Nasa's Europa Clipper mission edging closer in search for habitable potential on Jupiter moon
Nasa's Europa Clipper mission is edging closer to being launched following a request for $30m (£19.9m) for preliminary studies into the operation.
David Radzanowski, Nasa's chief financial officer, said the space agency is requesting funds to study Europa following the announcement of its White House budget request for 2016.
The $30m is in addition to the $100m Congress added to Nasa's budget to start work on the mission to Jupiter's moon last year.
Previously, all of their proposed mission concepts have had failings – either being too small or too big, for example – but the Europa Clipper mission is "just right", JPL scientist Robert Pappalardo, told Discovery News.
The Europa Clipper mission would conduct detailed reconnaissance of Jupiter's moon Europa. It would investigate whether or not the moon could harbour suitable conditions for life: "The mission would perform a detailed investigation of Europa using a highly capable, radiation-tolerant spacecraft that would perform repeated close flybys of the icy moon from a long, looping orbit around Jupiter."
Costs would include science instruments to penetrate the frozen crust, to work out the thickness of the ice shell, an infrared spectrometer to look at the composition of the moon's surface materials and cameras to look at its features.
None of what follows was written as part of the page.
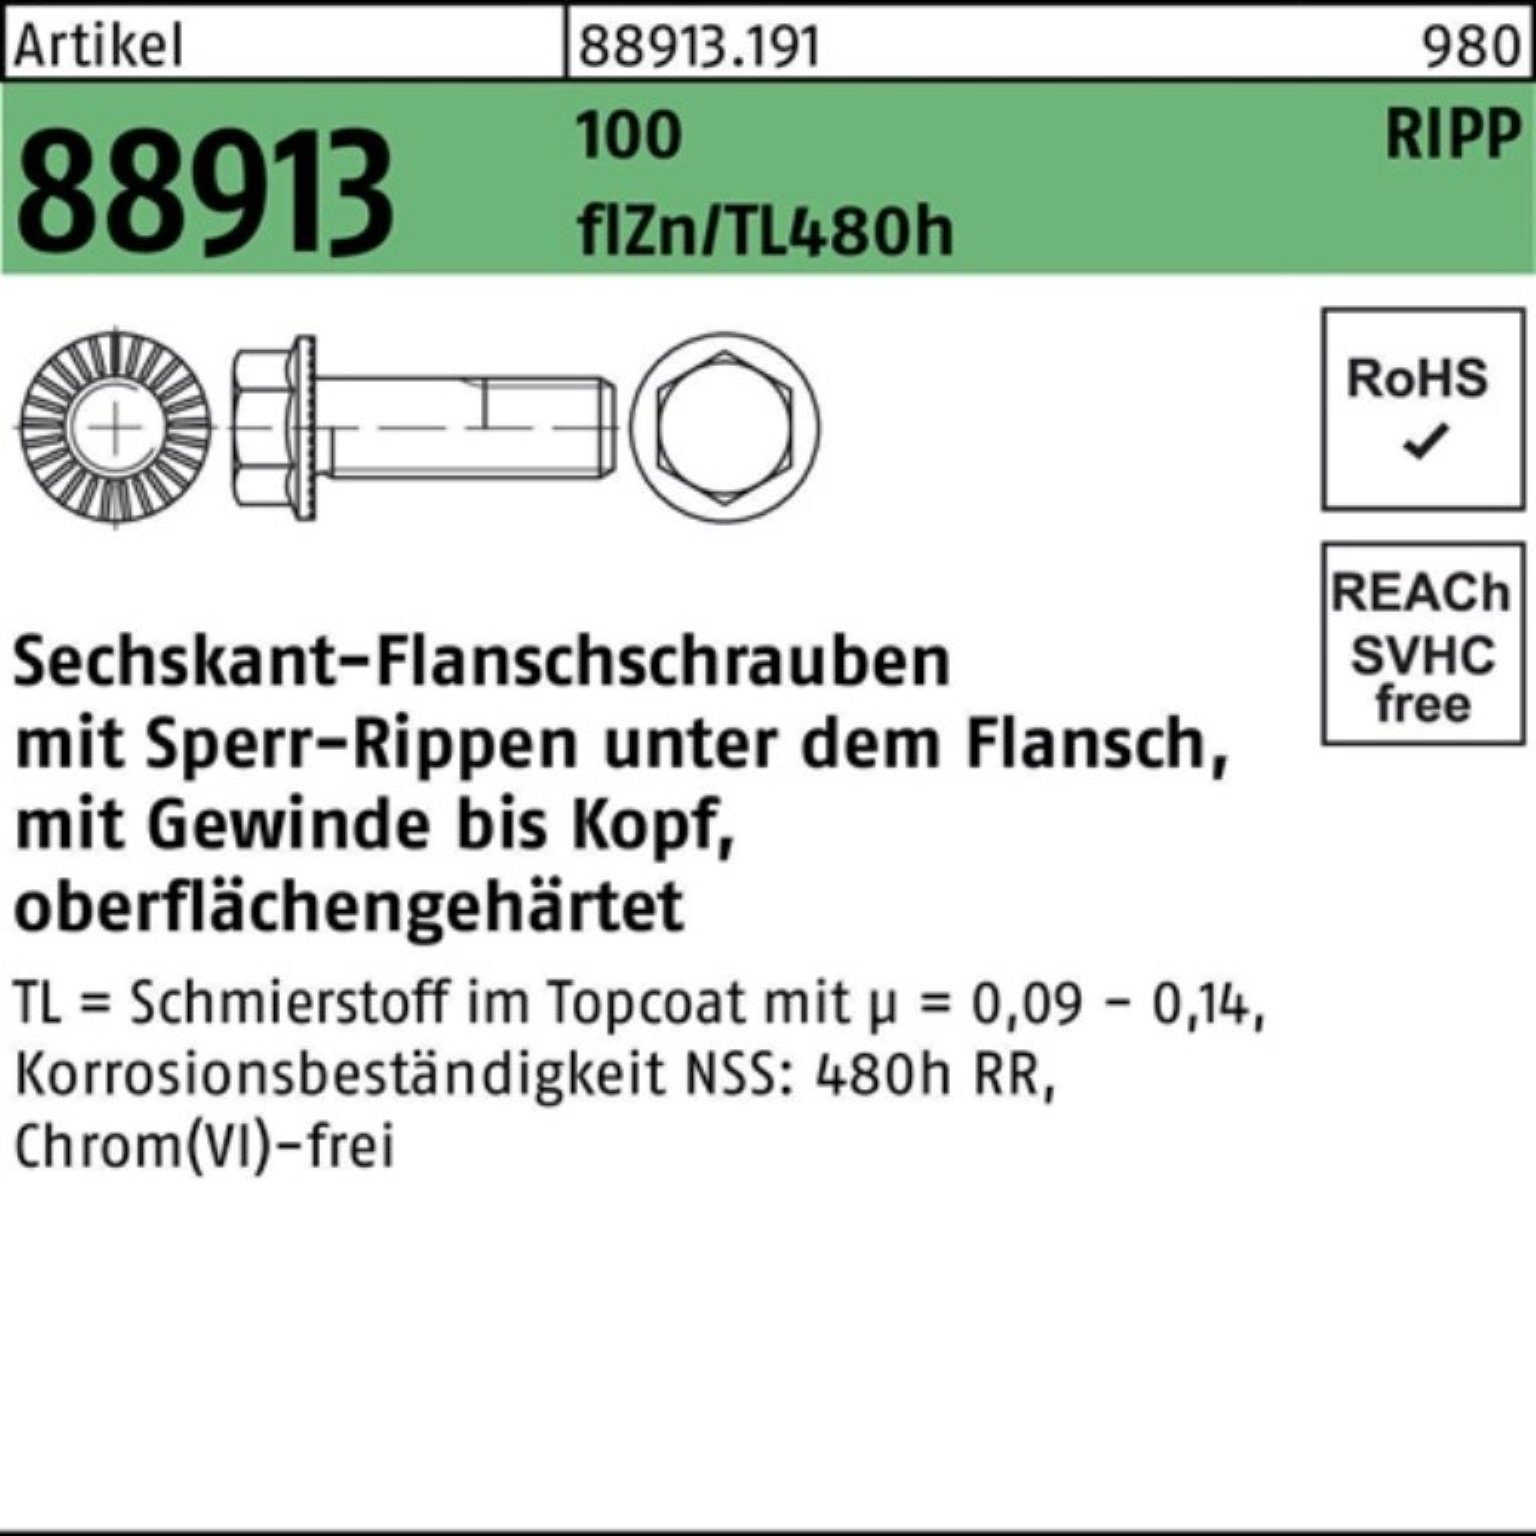 Reyher Schraube 100er Pack Sechskantflanschschraube R 88913 Sperr-Ripp VG M16x25 100 f

The Clipper would perform 45 flybys of Europa at varying altitudes, the closest being about 25km above the surface.
Europa is believed to be the best candidate in the search for extra-terrestrial life, as it is thought to conceal an ocean more than twice the volume of the Earth's seas.
Under its frozen crust, scientists think the moon could harbour the key ingredients for a habitable environment, thus life.
"Europa's ocean, to the best of our knowledge, isn't that harsh of an environment," said astrobiologist Kevin Hand, JPL's deputy chief scientist for solar system exploration. However, he added that the Europa Clipper mission is not primarily to find alien life.
"The way we framed the Europa mission science objectives is not to specifically look for life, but to understand habitability; the ingredients for life."
If everything goes to plan, the spacecraft could be launched in the 2020s. It could also reach the moon in under three years if a powerful rocket currently being developed is used for the mission.